— How to complete this task —
Each line from the one containing "Tuyến đường sắt" to the end of the data must be copied exactly, the first and last included; no other lines and no pictures belong in the copy.

— Data shown —
──────
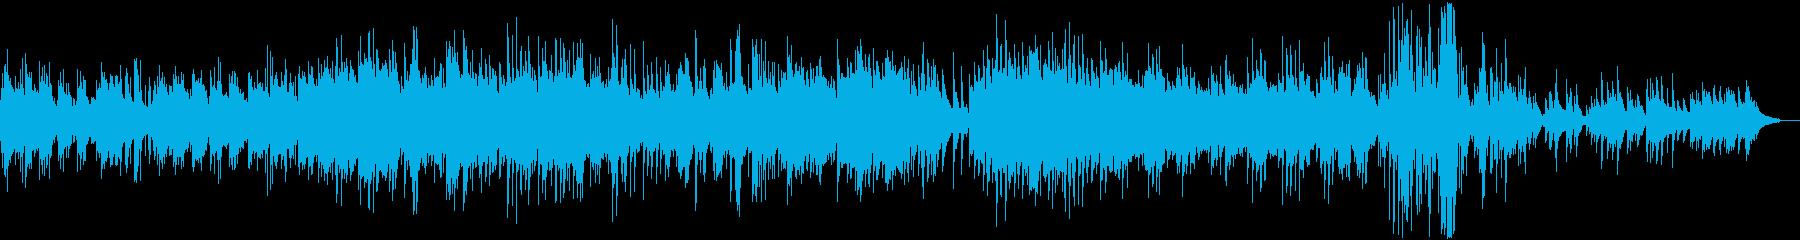 ピアノの非常に長い曲で、明るく、や...の再生済みの波形
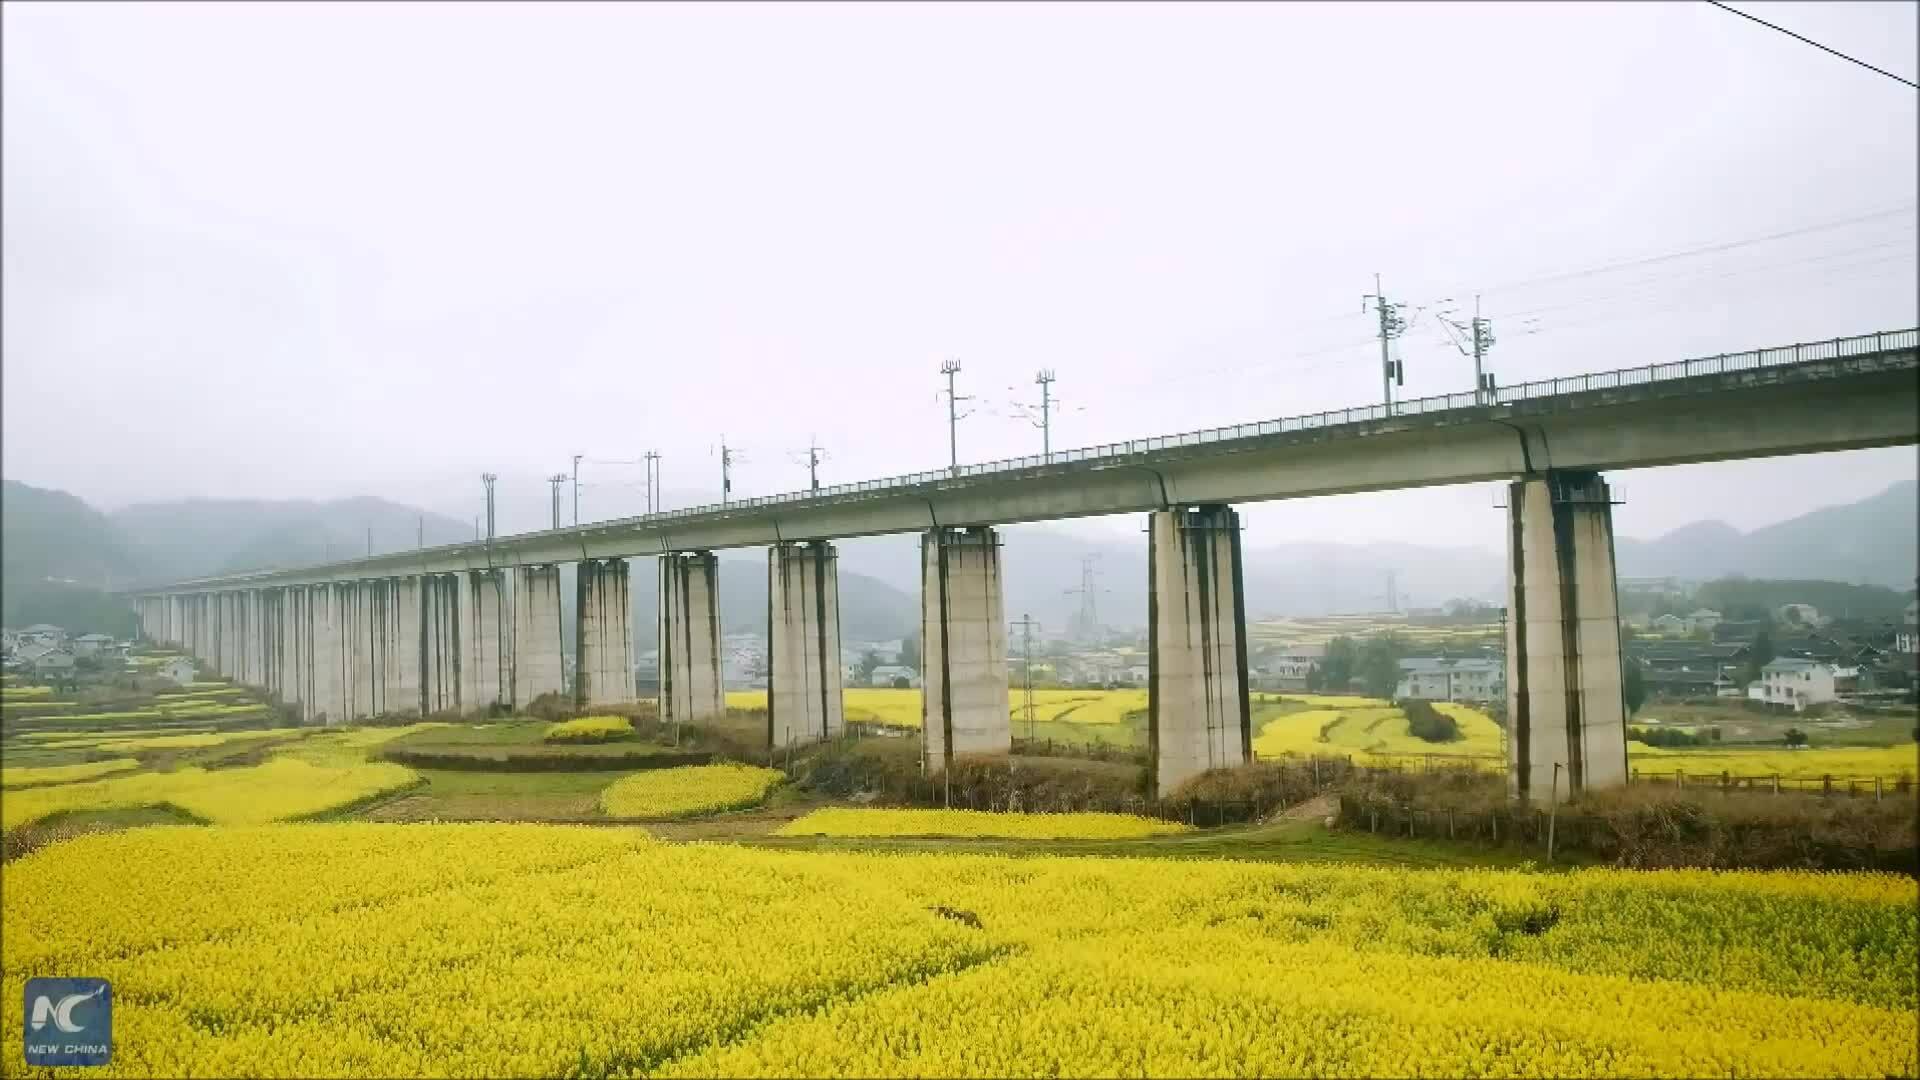 Tuyến đường sắt chạy qua cánh đồng hoa cải vàng
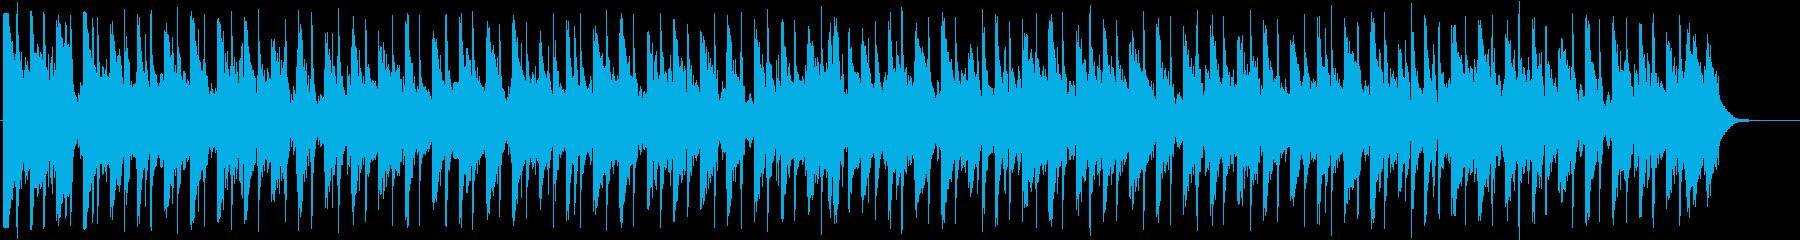 きらびやかなファンクディスコ_612_5の再生済みの波形
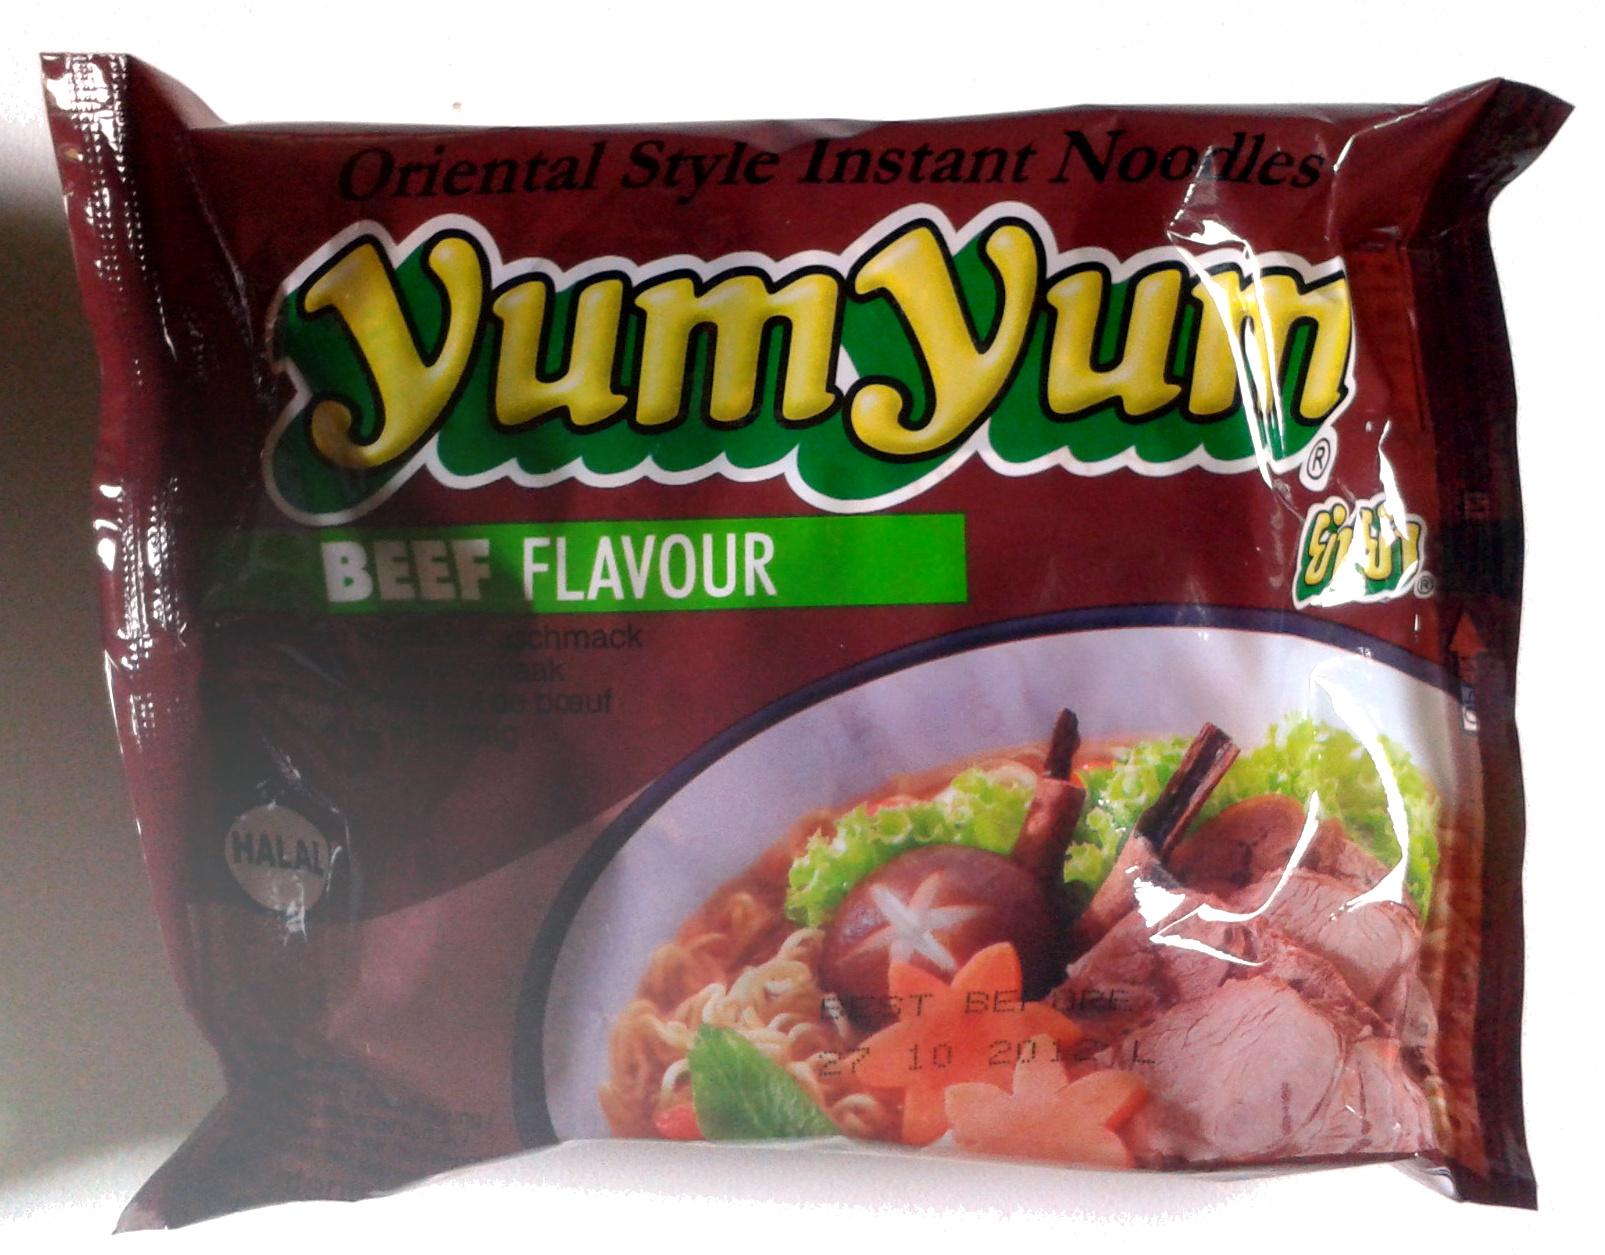 YumYum Asian Cuisine Beef Flavour - Produkt
──────
— Answer for this exercise —
 Tuyến đường sắt chạy qua cánh đồng hoa cải vàng
 きらびやかなファンクディスコ_612_5の再生済みの波形
 YumYum Asian Cuisine Beef Flavour - Produkt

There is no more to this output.